PROBLEM DESCRIPTION: Restate all data exactly. No images.

PROVIDED DATA:
☆ ☆ ☆ ☆

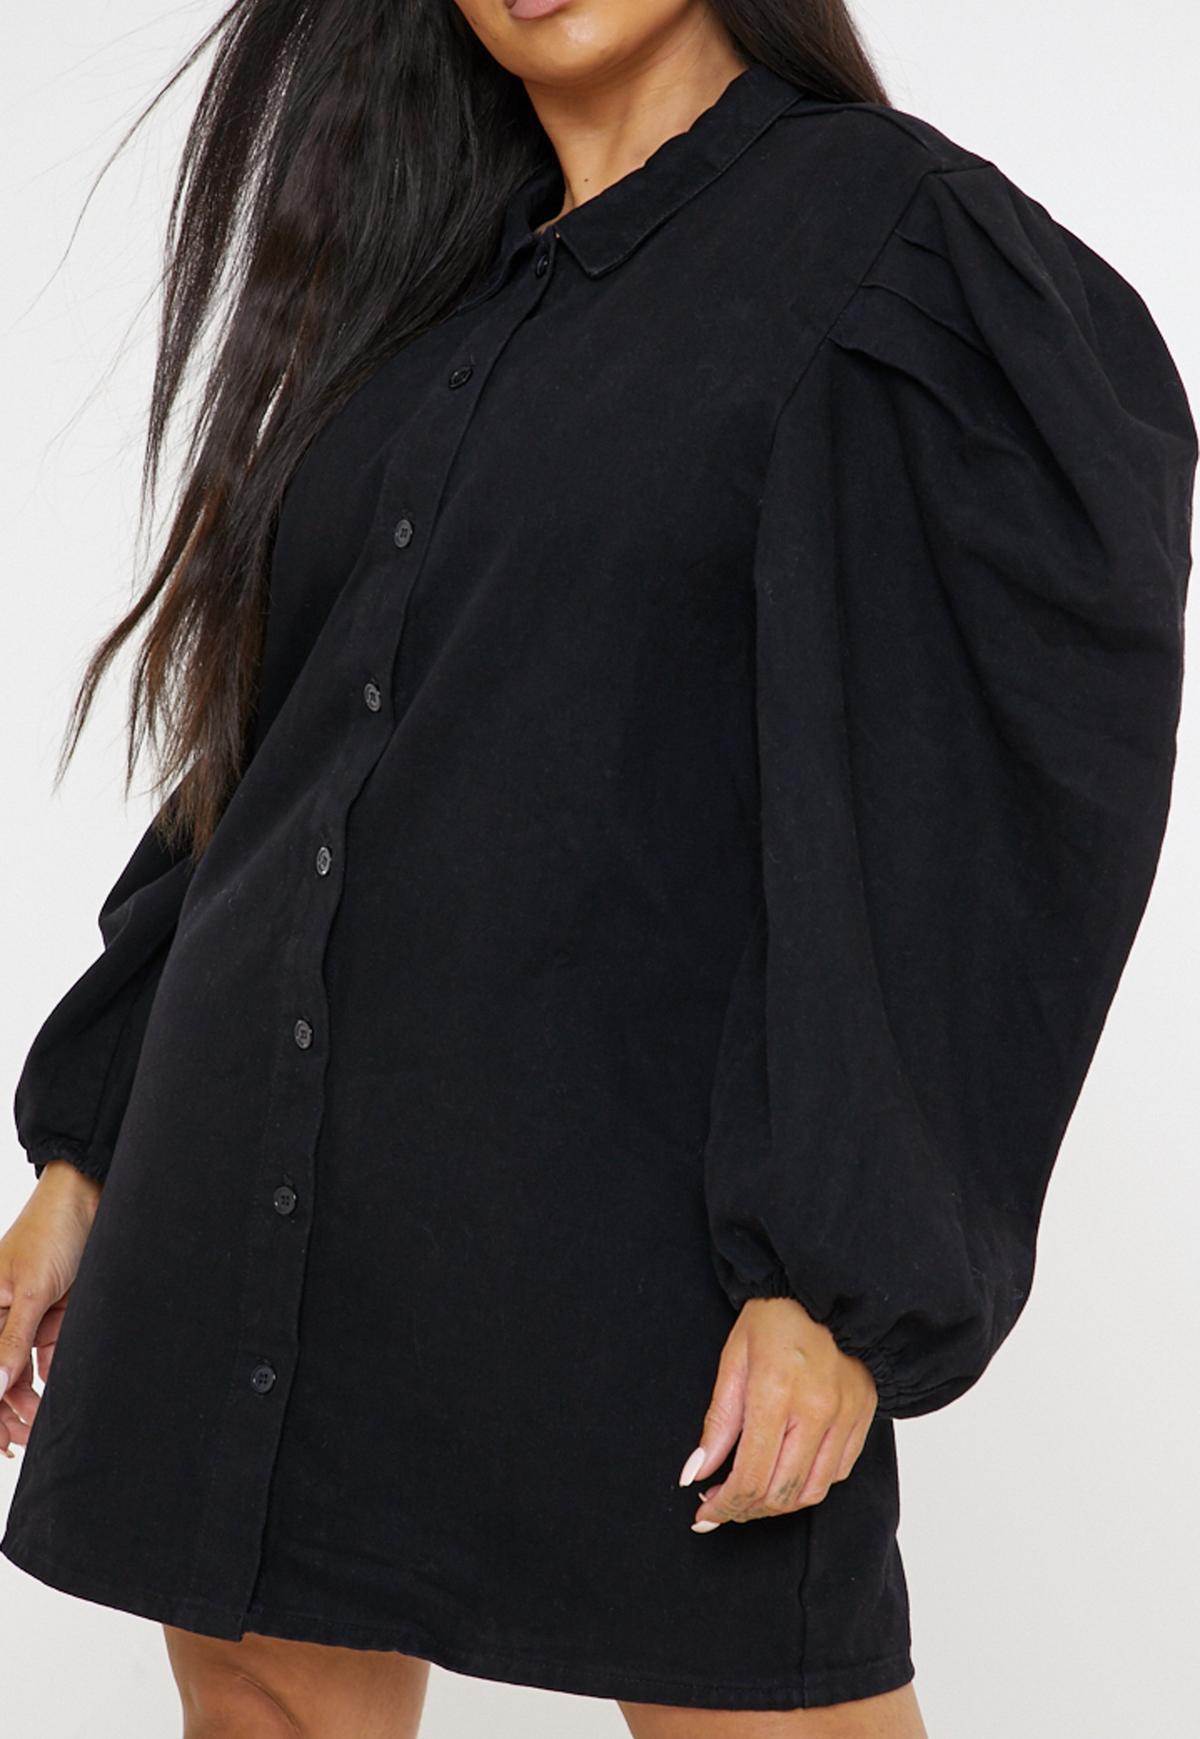 Plus Size Black Denim Puff Sleeve Shirt Dress
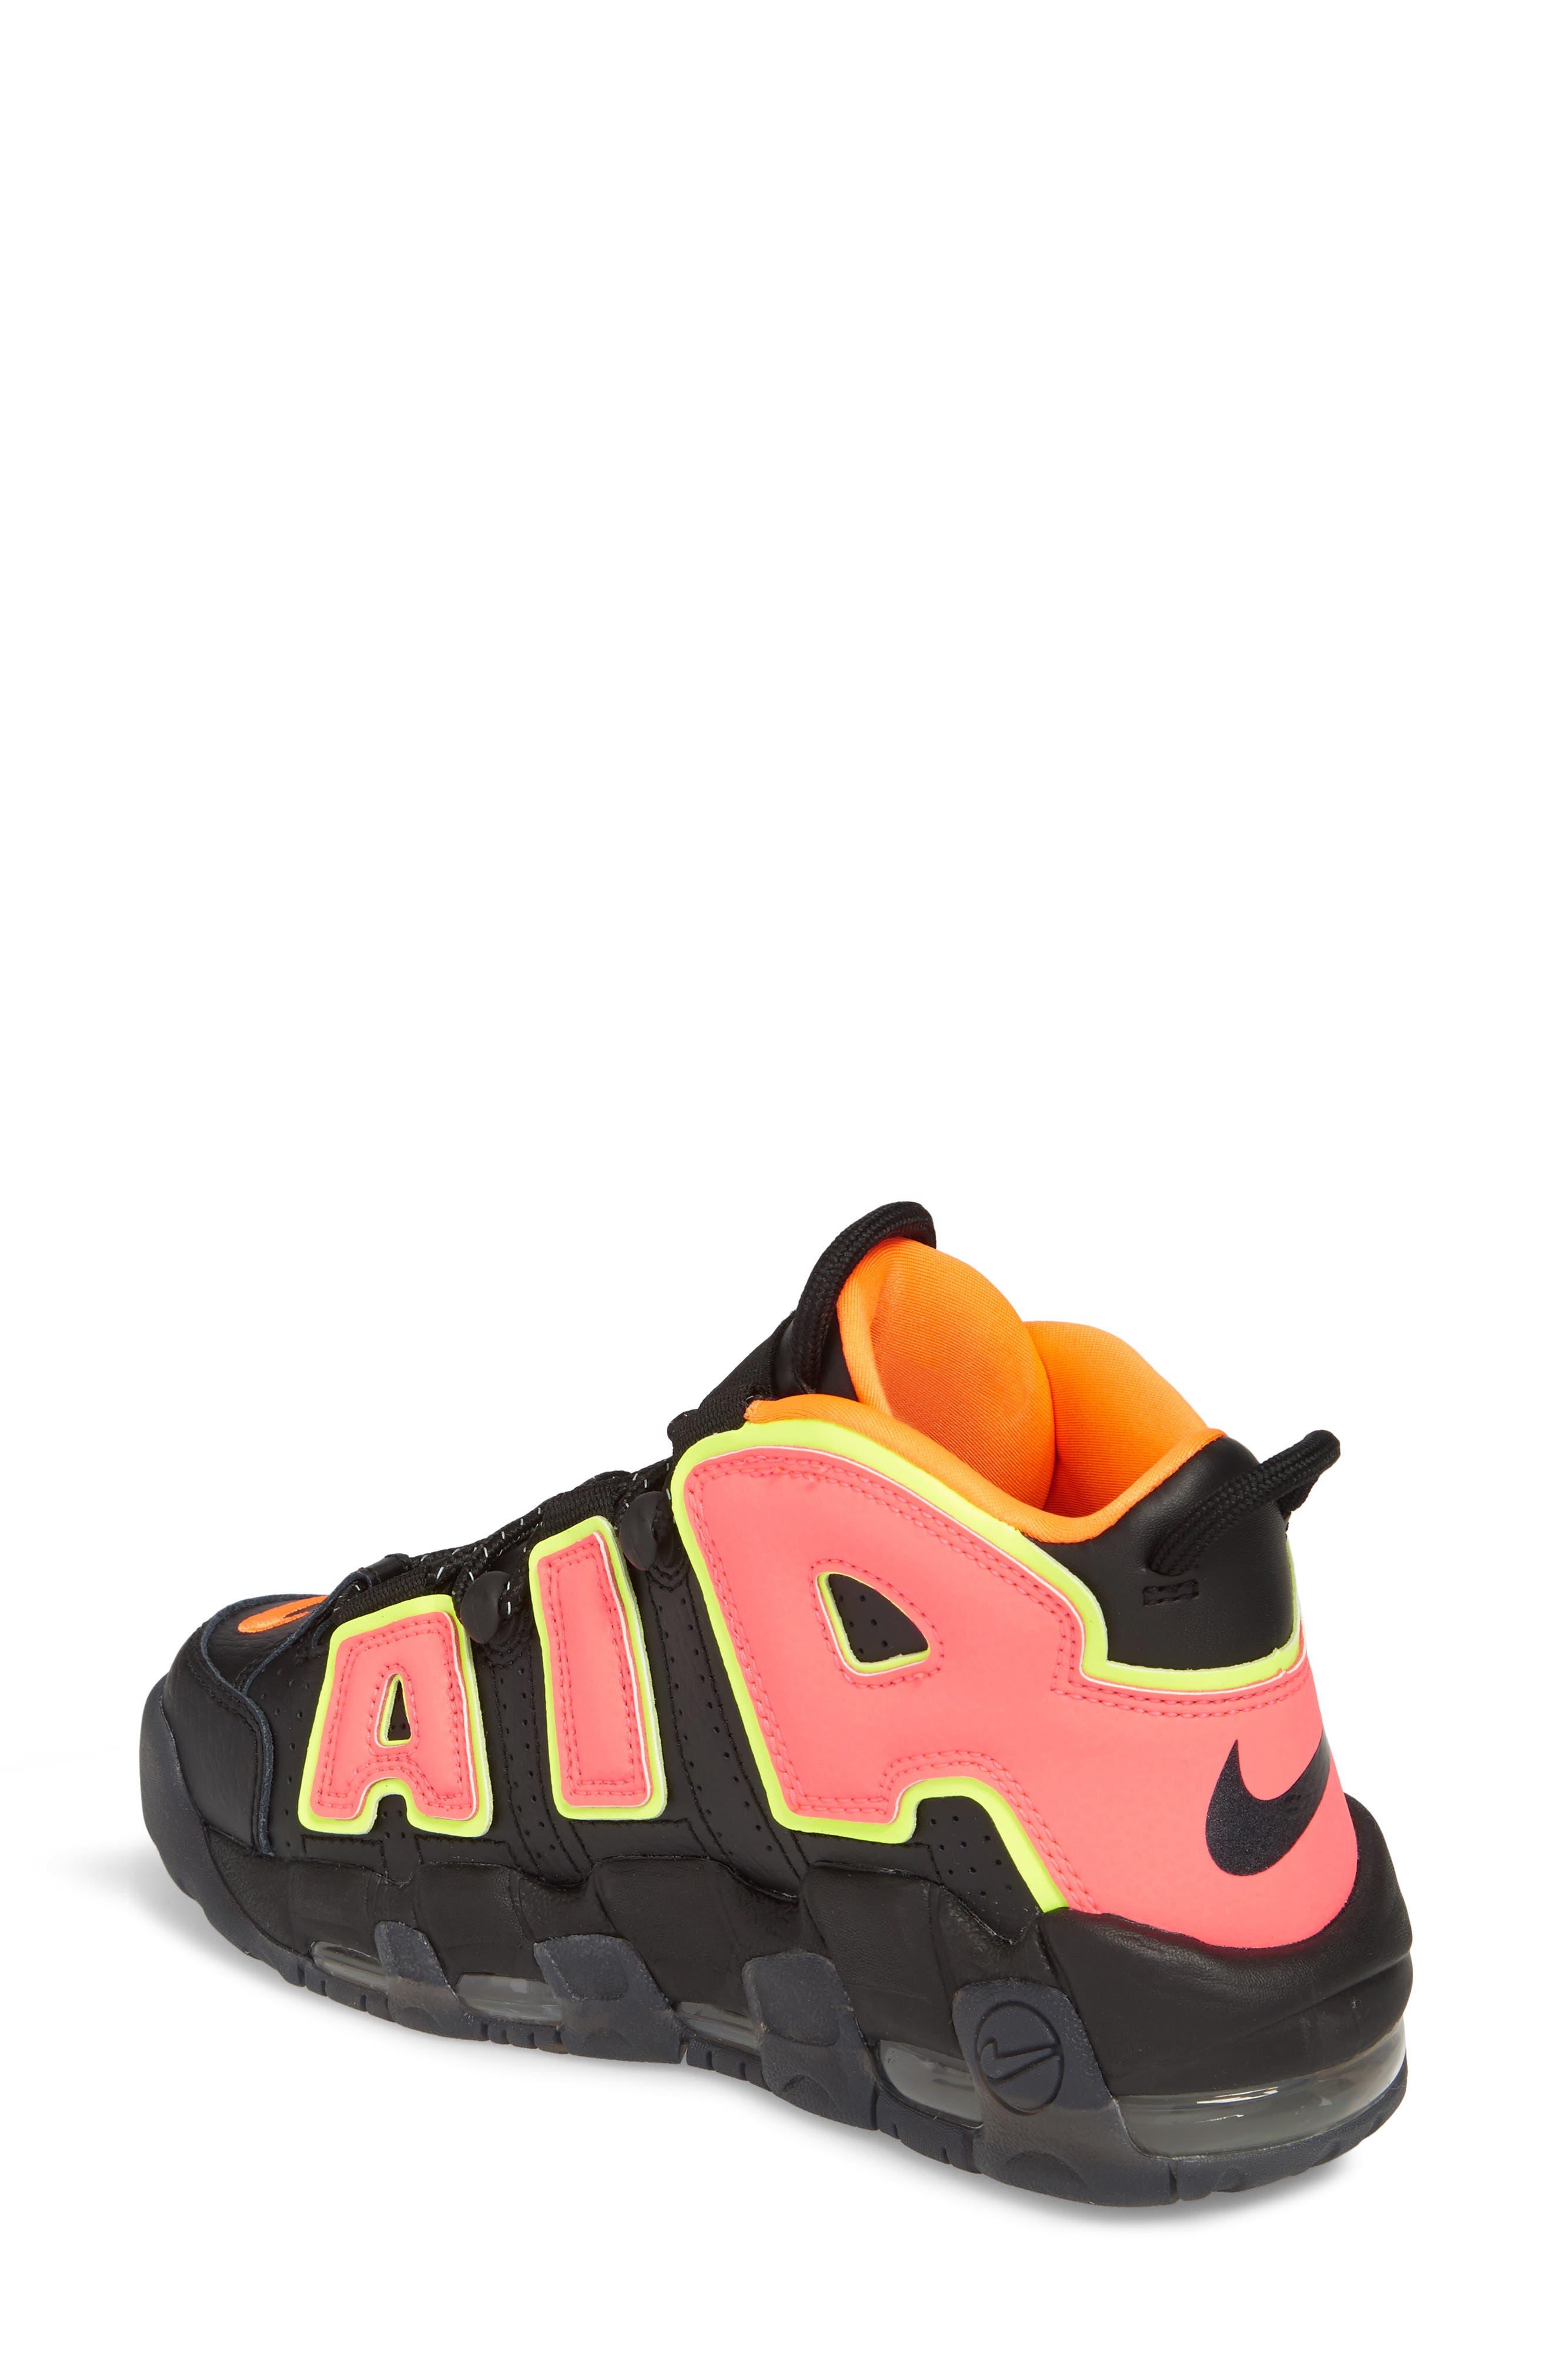 Air More Uptempo Sneaker,                             Alternate thumbnail 2, color,                             Black/ Punch/ Total Orange
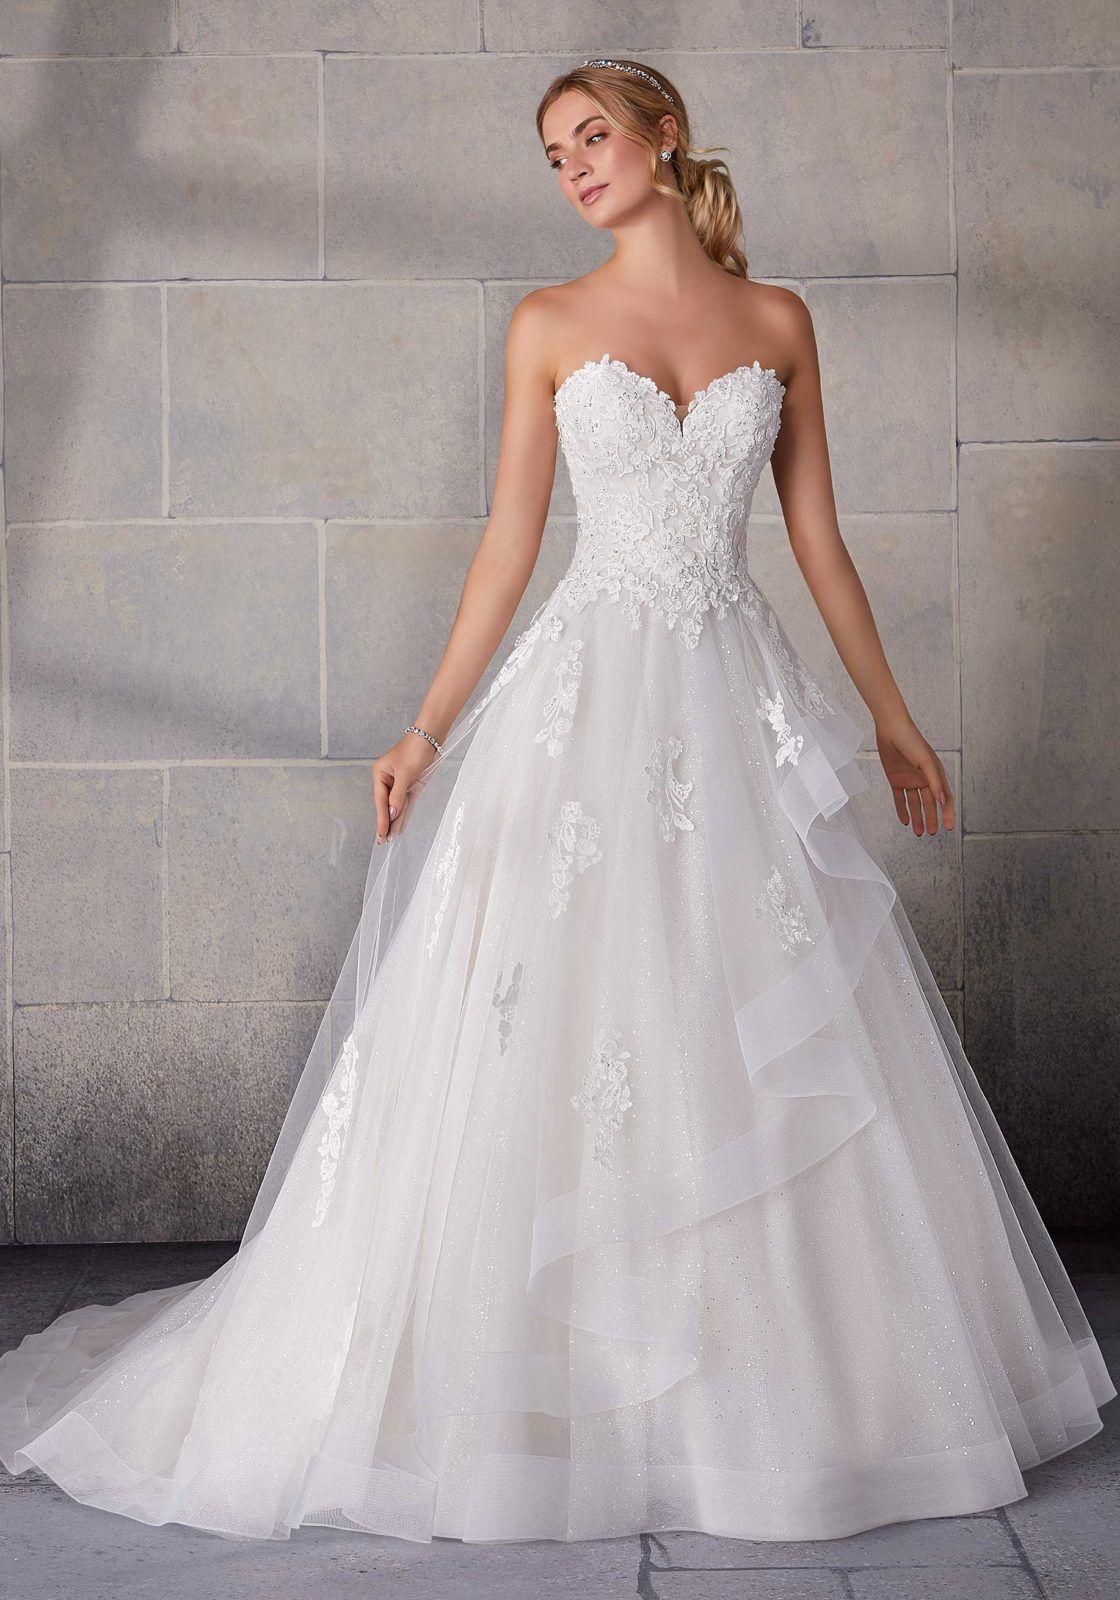 Robin Wedding Dress Morilee Short Wedding Dress Wedding Dresses Satin Winter Wedding Dress

☆ ☆ ☆ ☆

RESPONSE TO THIS TASK:
 Plus Size Black Denim Puff Sleeve Shirt Dress
 Air More Uptempo Sneaker,                             Alternate thumbnail 2, color,                             Black/ Punch/ Total Orange
 Robin Wedding Dress Morilee Short Wedding Dress Wedding Dresses Satin Winter Wedding Dress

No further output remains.